The 17427 / 17428 Tirupati–Narasapur Express is an express train belonging to South Coast Railway zone that runs between the city Tirupati and Narasapur of Andhra Pradesh in India.

It operates as train number 17427 from Tirupati to Narasapur and as train number 17428 in the reverse direction, serving the states of Andhra Pradesh.

== Services ==
• 17427/ Tirupati–Narasapur Express has an average speed of 46 km/h and covers 526 km in 11h 20m.

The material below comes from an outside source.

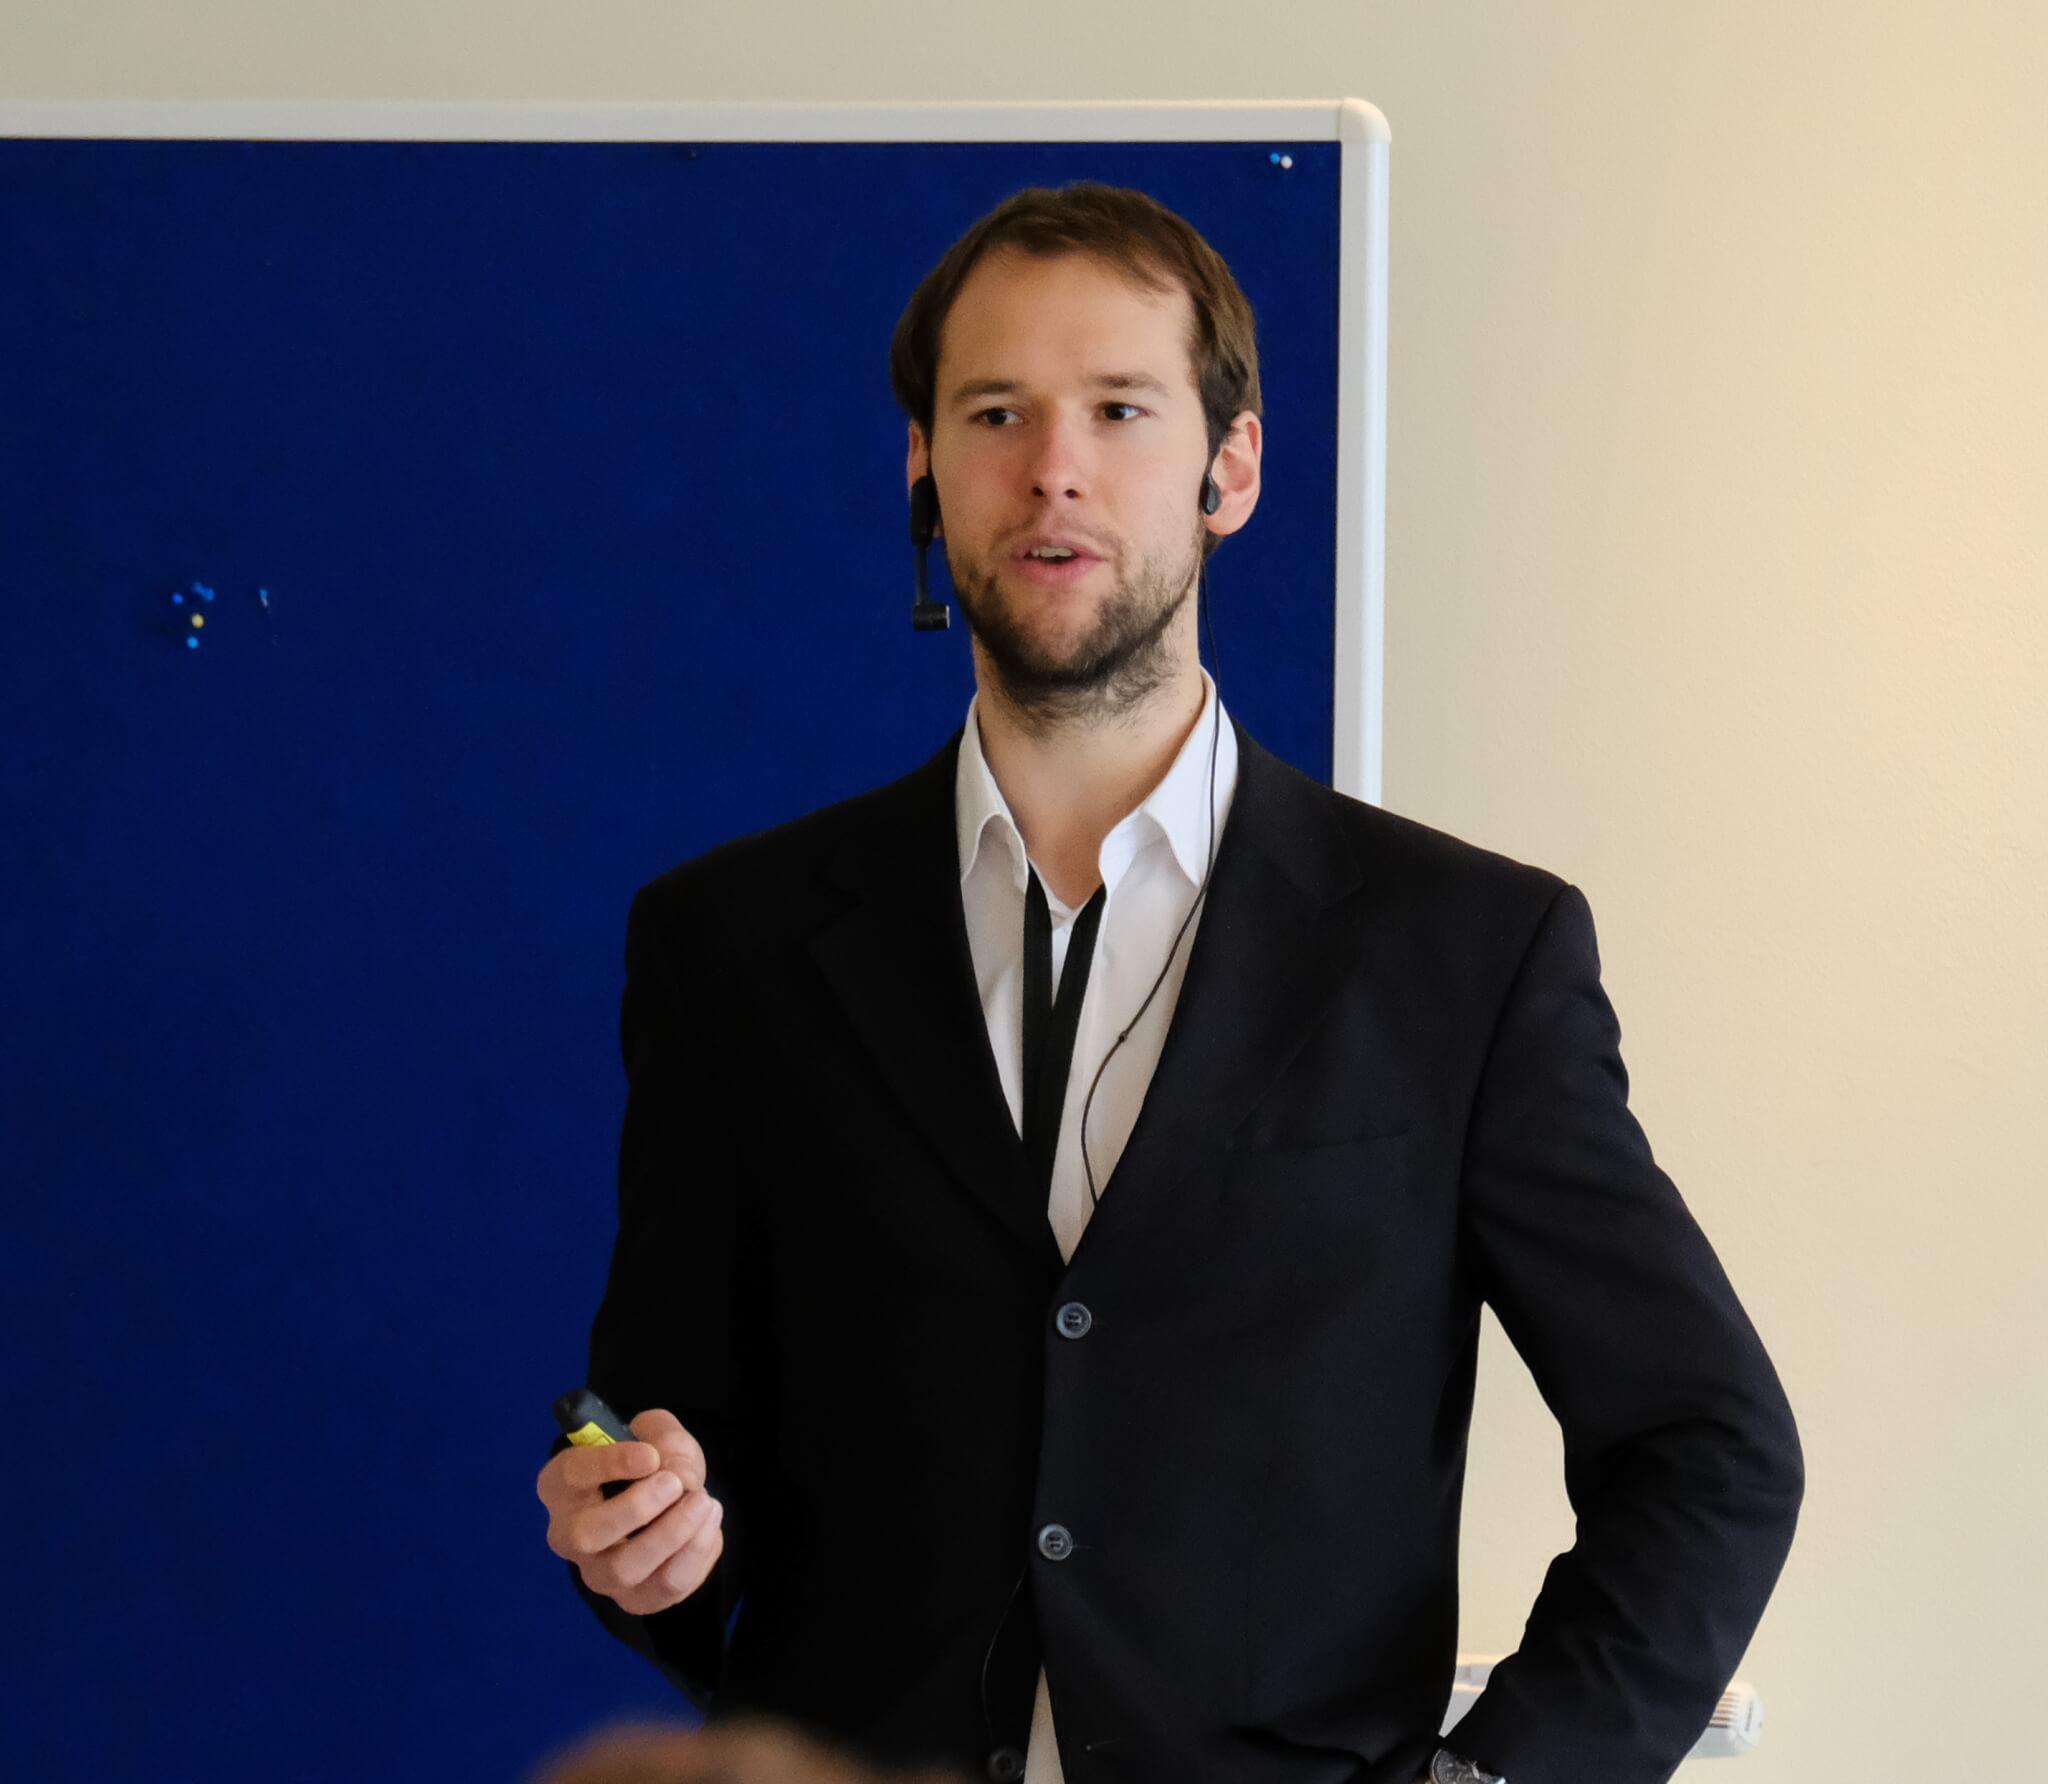 Philippe Preisinger

• 17428/ Narasapur–Tirupati Express has an average speed of 44 km/h and covers 526 km in 11h 50m.

== Route and halts ==
The important halts of the train are :
- Tiruputi
- Renigunta Junction
- Nellore
- Ongole
- Chirala
- Tenali Junction
- Vijayawada Junction
- Gudivada Junction
- Kaikaluru
- Akividu
- Bhimavaram Town Halt
- Palakollu
- Narasapur

== Schedule ==
• 17427 – 10:10 pm (Sunday) [Tirupati]

• 17428 – 3:50 pm (Monday) [Narasapur]

== Coach composition ==

Loco: 1; 2; 3; 4; 5; 6; 7; 8; 9; 10; 11; 12; 13; 14; 15; 16; 17; 18; 19; 20; 21; 22
SLRD; GEN; GEN; A1; A2; B1; B2; B3; B4; B5; B6; B7; S1; S2; S3; S4; S5; S6; S7; GEN; GEN; EOG

== Traction ==
As the entire route is fully electrified, it is hauled by a Royapuram Shed-based WAP-7 electric locomotive from Tirupati to Narasapur and vice versa.

== Rake reversal or rake share ==
The train will Rake Sharing with Kollam–Tirupati Express (17421/17422).

== See also ==
Trains from Tirupati :

1. Howrah–Tirupati Humsafar Express
2. Tirupati–Srikakulam Road Humsafar Express
3. Tirupati–Sainagar Shirdi Weekly Express (via Guntur)
4. Padmavati Express
5. Tirupati–Vasco da Gama Express

Trains from Narasapur :

1. Narasapur–Nagarsol Express (via Warangal)
2. Narasapur–Nagarsol Express (via Guntur)
3. MGR Chennai Central–Narasapur Vande Bharat Express
4. Narasapur–Hyderabad Express
5. Narasapur–Nidadavolu Express

== Notes ==
a. Runs one day in a week with both directions.